I deal with people every day who seem bereft of the knowledge that Apple are slow on security fixes, sometimes ignoring them all together if you're running older hardware. Yosemite is hardly "stable" and their build quality is getting lax, never mind the "take what you're given slaves" Apple-tude of Tim Cook and "thin and light" obsessed Englishman Ives who just stole his design aesthetic from Braun. I enjoyed your slight against my technical knowledge, but shouldn't you be ironing your turtle-neck for a weekend of Jobs keynote re-runs?
I enjoyed your slight against my technical knowledge, but shouldn't you be ironing your turtle-neck for a weekend of Jobs keynote re-runs?
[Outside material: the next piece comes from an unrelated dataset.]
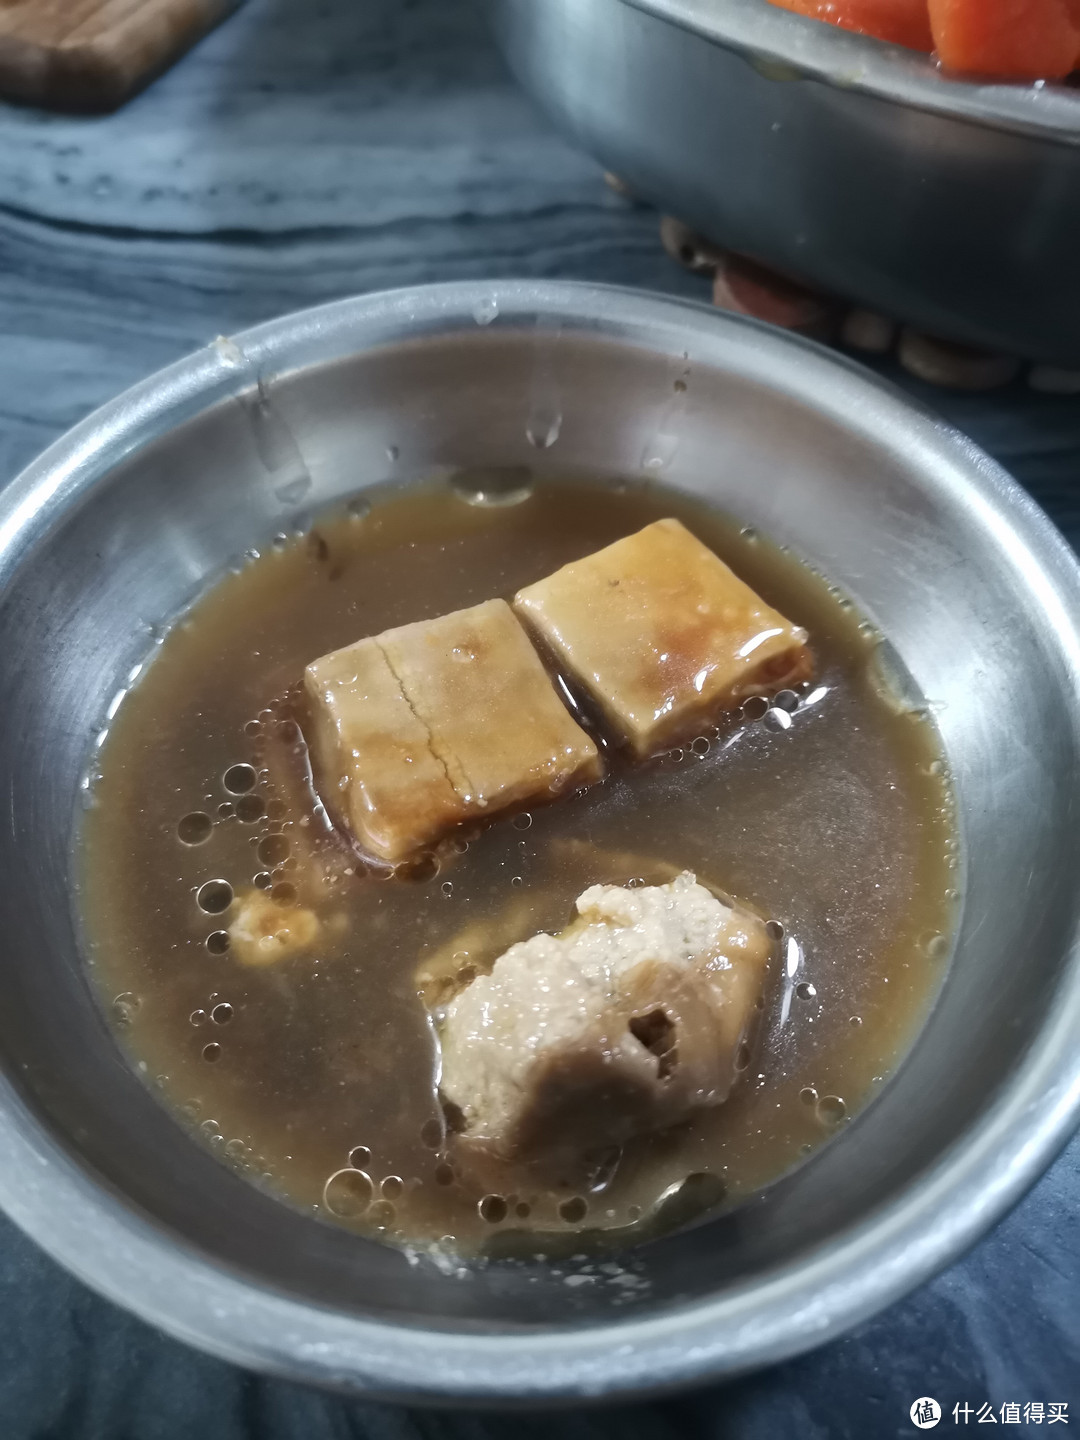 豆腐乳+汤汁+豉油，拌均匀作为蘸料

Ah, but I would indeed have time for that if I was partial to turtle necks. If you're running Windows you'll spend that weekend patching, cursing at failed patches, restoring from backup and then trying to stop it from patching again and so end up in the loop of failure that is Microsoft. I'll stop now, I don't want to give Trevor Pott flashbacks :).
If you were running Linux, of course, you'd be in a similar situation to OSX users. The occasional patch and away you go. Occasionally we bounce boxes in the maintenance window to test their recovery and to clean up any dead wood, but it's more luxury than need.
As for slow on fixes, I work a lot with OSX and I have not come across much in the way of exploited zero days. I also known that the Shellshock (bash) bug was dealt with in a few days, but with a patch that actually *worked*. To achieve the latter (patches that do the job) it does indeed take some time, but they get it right most of the time. Could the patches come faster? Sure. Have I experienced any exposure? Nope.
We use OSX because it's quicker to secure and more efficient to use than Windows yet still allows us to use commercial specialist software (servers are Linux). We don't seem to have problems with Yosemite other than that Apple's implementation of webdav seriously sucks, but that has been an issue for longer than just Yosemite.
For the most part, it really just does the job.
I am writing this on an iMac but my desk is only useful because I have a PC next to it. When people tell me all their stuff at home is Apple I suddenly feel a bit dirty, like someone just got done masturbating in the lavatory and then tried to shake my hand. Do you have an disease? Why can't you use other computers?